Pastor Bayly,
I have had positive interactions with you in the past under my own name, but for valid reasons cannot discuss this subject in public under my own name.
Mr. Pseudonymous “Dalrock” quoted you on what you’ve publicly written. He couldn’t know about your private counsel to a woman not to go in the Navy. Have you ever publicly made the biblical case that it is always immoral and sinful for women to serve in the military? Does your church take this position? I would be quite interested to read it.
There is cognitive dissonance between Nathan, who dismisses Dalrock out of hand as so ridiculous he doesn’t need to answer, and Pastor Bayly who indignantly argues that of course he is hard on women too.
Your passionate denouncement of Dalrock here seems to be conceding that his basic argument is valid, that women have moral agency, and are just as prone to sin as men, but that he has slandered you by misrepresenting you as someone who puts women on a pedestal. If that is what you really mean, then rather than being indignant at Dalrock, it might make more sense to go on the record on this point.

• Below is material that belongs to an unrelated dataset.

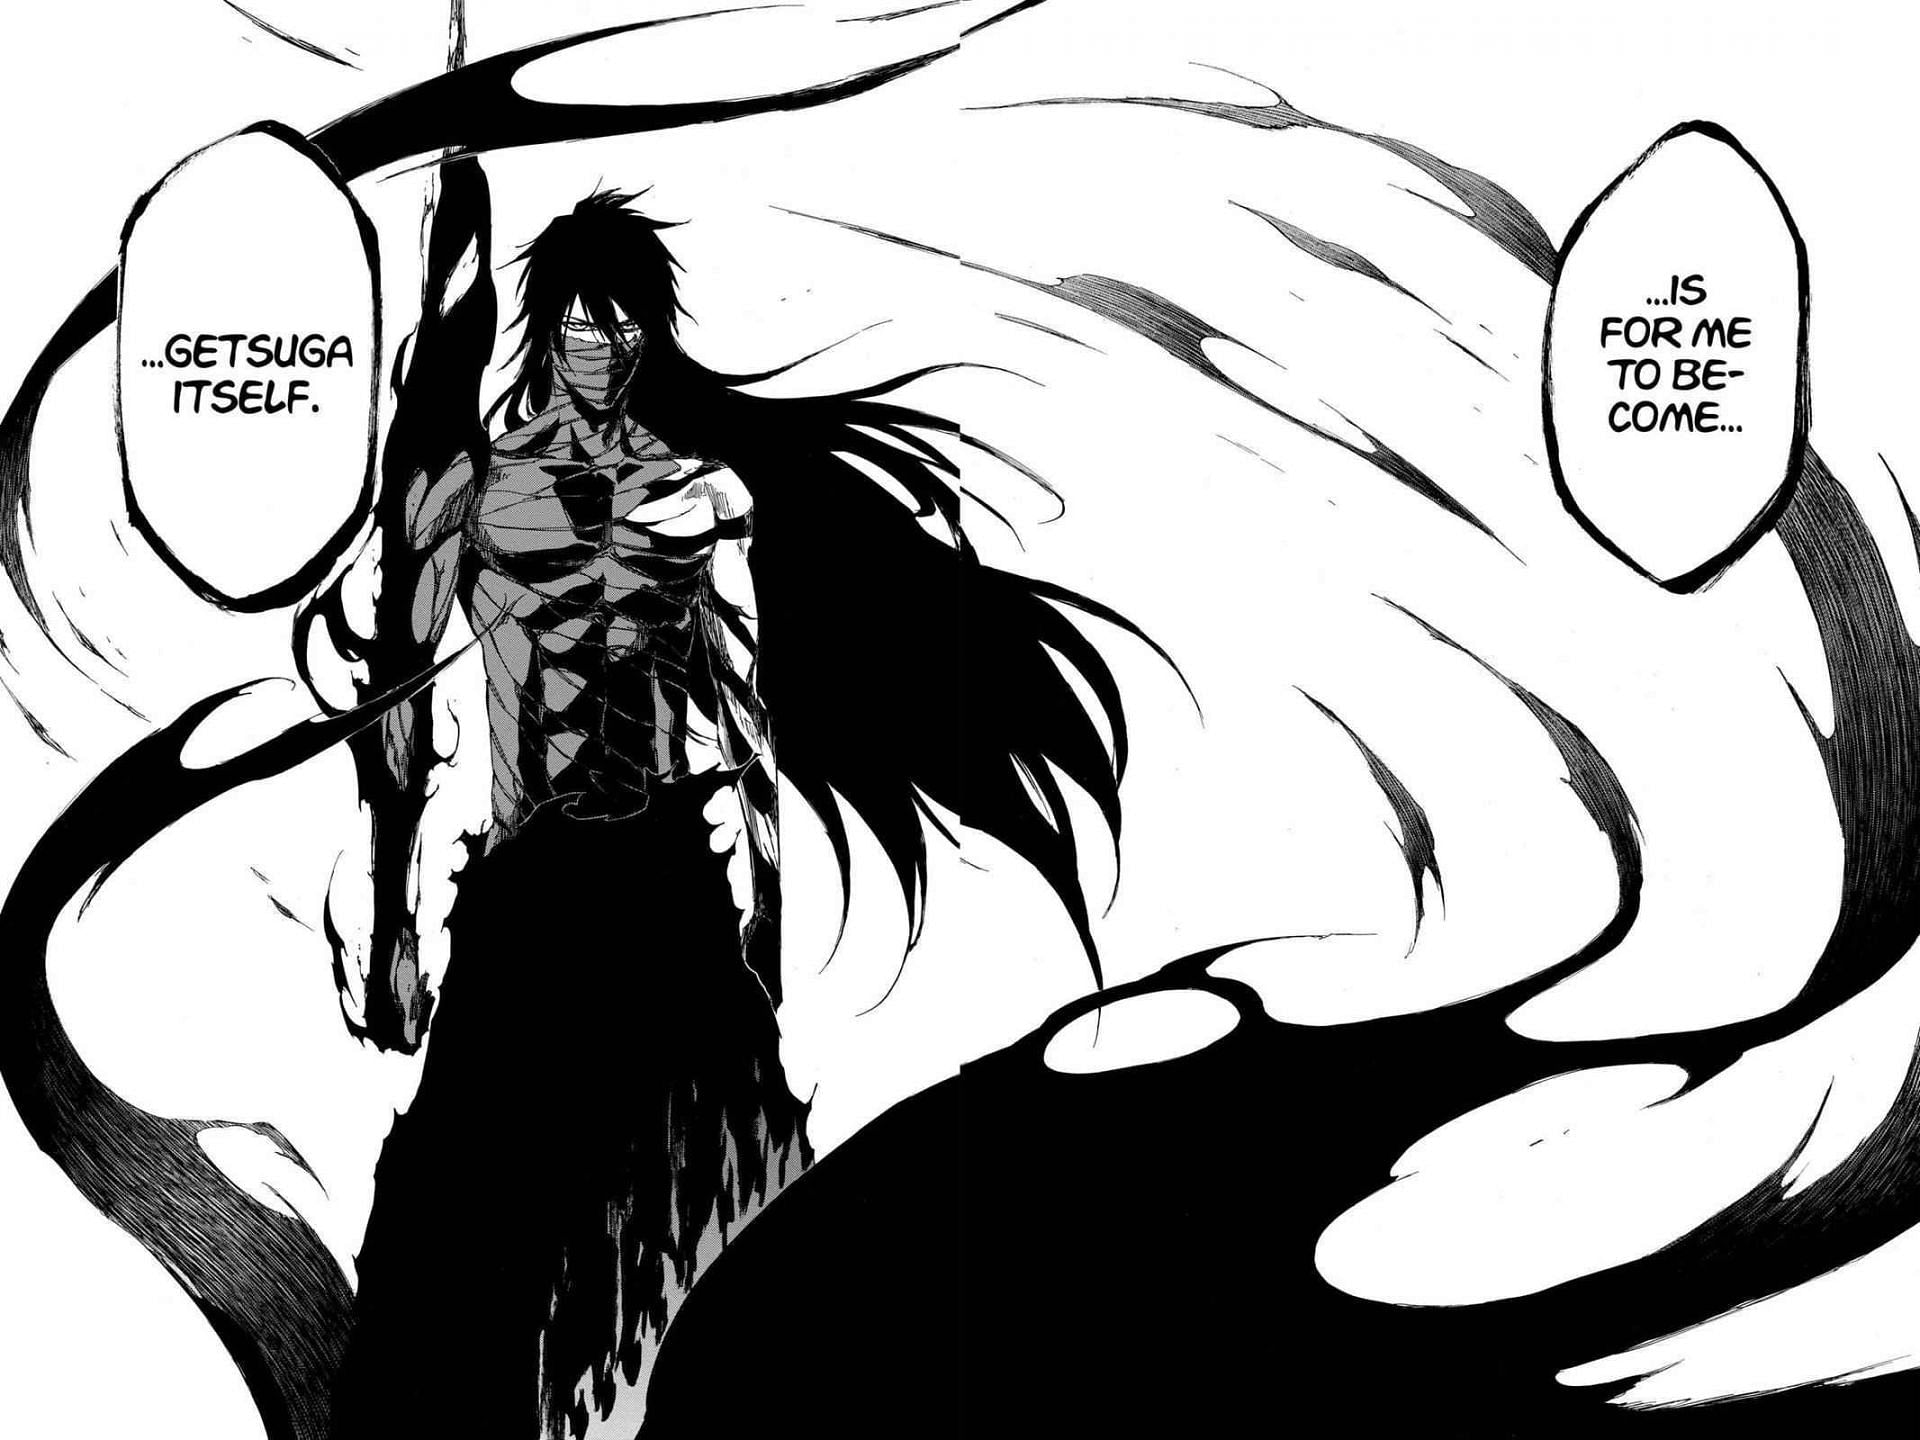 One of the definitive anime transformations in Bleach (Image via Shueisha).

Part of your passionate defense is that you condemn unborn children being ripped apart by their mothers, as you should. Have you ever spoken to the question of appropriate punishment by the State to women who kill their own children?
It was interesting in early 2016 when Trump decided to be “pro-life” in order to win the election, he made a statement that women should be punished for killing their unborn babies. Very quickly he had to walk that one back, because nobody in the pro-life movement actually believes that women who abort their children should be prosecuted by the magistrate for murder. How naive of Mr. Trump to think we actually meant the logical conclusion of our arguments.
We place all the blame on the abortionists and the bad bad men who deceived those poor innocent women into killing their own children. This is the kind of double standard that Dalrock has repeatedly pointed out. It’s quite different to the way Moses dealt with the women of Midian in Numbers 31. “Look, these women caused the children of Israel, through the counsel of Balaam, to trespass against the Lord in the incident of Peor, and there was a plague among the congregation of the Lord.” Moses then ordered them all executed.
Dalrock’s point is the same one that Moses made. Woman have moral agency and are fully liable for their sins and crimes, particularly in the area of sexual immorality.
It is interesting that both Nathan, and now you, have denounced Dalrock as Mr. Anonymous, a very bad man. But neither of you have actually answered any of his arguments. And you haven’t given us any arguments why he is a bad man, other than the fact that he has chosen to write under a Pseudonym.
There are several books of the Bible which many believe to have been written under pseudonyms, including Ecclesiastes, two of Peter’s epistles, and Jude. The Federalist Papers were written under pseudonyms.
The reason someone like Dalrock might choose to do that today is the same reason people did it in the past - persecution. A pastor has to answer to the people of his own congregation and presbytery, and a few trolls who might make his life miserable. But a man who is not a pastor probably has a job with a company. In today’s environment discussing such controversial subjects under your own name online is very likely to get one fired. Should all Christian men be silent because we need to support our families? A pseudonym can be used to debate ideas, though it does not come with the weight of spiritual authority that an elder or pastor of the church does.
I recognize and admire that Tim Bayly has courageously taught and written in his own name. That is admirable. But it is not the only lawful path. Thank you for your years of service and teaching, Pastor Bayly.
You and Nathan would better serve your own reputations by either dealing with Dalrock’s actual arguments on the basis of their merits, or not dealing with him at all. Nathan’s heavy use of the ad hominem argument signals that he has no real argument.
I have been in the reformed faith my entire life, and I’m not a young man. I don’t agree with everything Dalrock writes, but his message is definitely one that needs to be heard and discussed. He is representing the Biblical antithesis in an area where the church is failing to resist the depravity of the culture. He is reading to us the parts of the Bible that we simply don’t want to listen to. His words deserve to be taken seriously.